# neurological disorder or pmv?



## amoonswirl (Nov 14, 2006)

Someone just brought me a fledgling feral squeaker that was saved from drowning in the ocean. He's got some issues and I'm wondering what is going on. Hoping someone can shed light on the situation.

The left wing appears to be paralyzed, and left eye may be blind. The pupil is distorted - not round but more of an egg shape, and he does not blink when a finger is moved very close to the head on that side.

He cranes his neck and twists it - looks like maybe PMV. But would PMV cause wing paralysis and blindness? Or is he maybe craning his neck because he can only see out of one eye? 

My big question is...how is PMV transferred? I have him quarantined, but the hospital station is next to my dove aviary - about 5 feet away. Is there any risk of the virus being spread through the air? Or if I make sure to always care for him after feeding the others, and sanitize carefully, should it be ok?

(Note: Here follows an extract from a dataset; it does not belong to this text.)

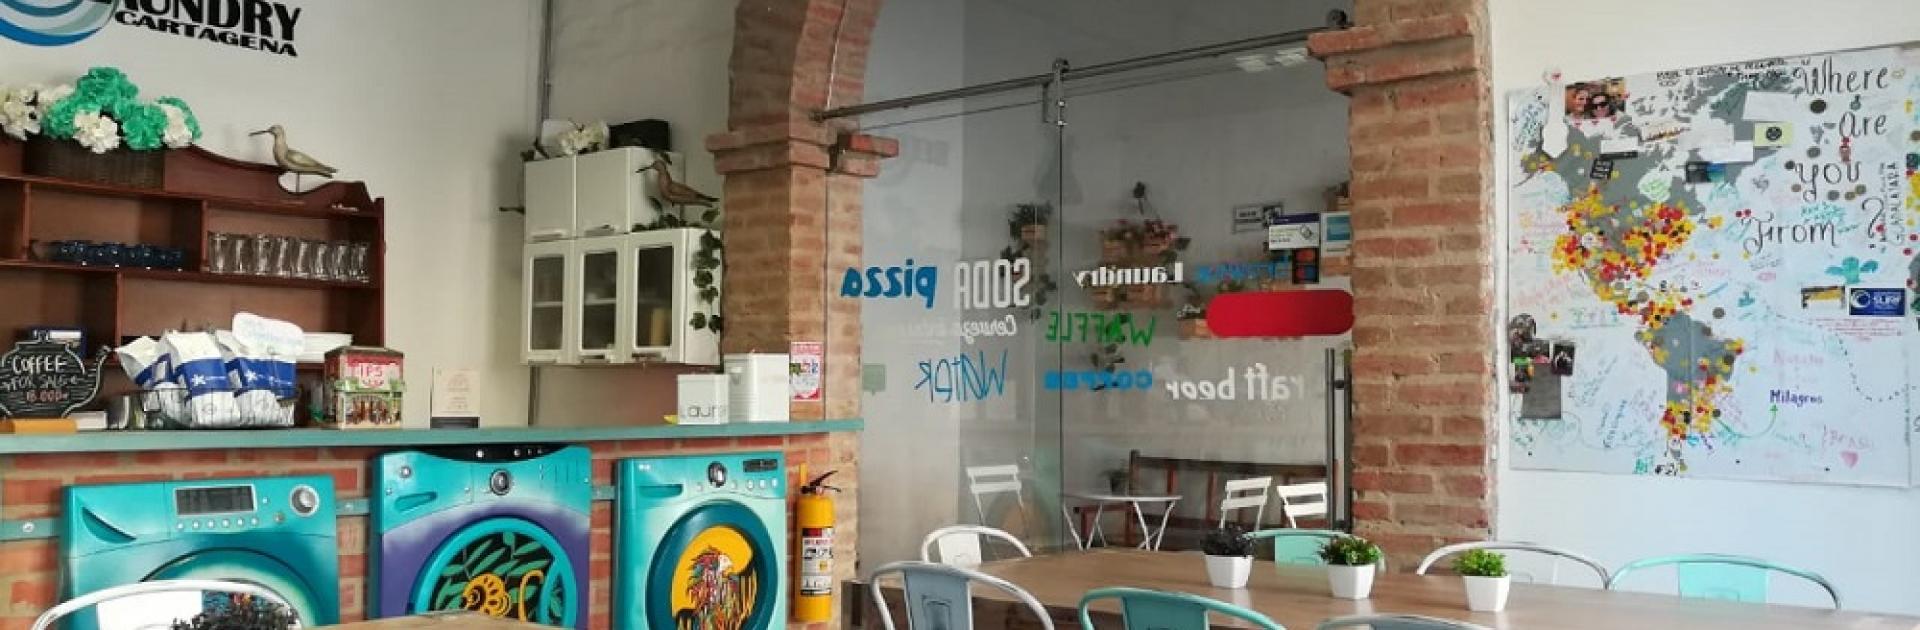 Beer and Laundry, restaurante Cartagena participante de Dónde Restaurant Week 2019, Cartagena de Indias

He's definitely not going to be releasable, and will need supportive care indefinitely. I just want to make sure I'm not putting my other birds at risk.


----------



## Jaye (Mar 13, 2008)

I have been told PMV is not airborne, so as long as you just clean up yourself after handling him.

Whether PMV or not is something which can only be answered by a blood panel. Barring that, as you are an experienced birdkeeper, just doing the usual supportive care (warmth, feeding, hydration) plus perhaps a course of Cipro (in the event the neurological symptoms are being caused by an infection and not a virus) plus worming (in the event the symptoms are being caused by a parasite)....is about all you can do.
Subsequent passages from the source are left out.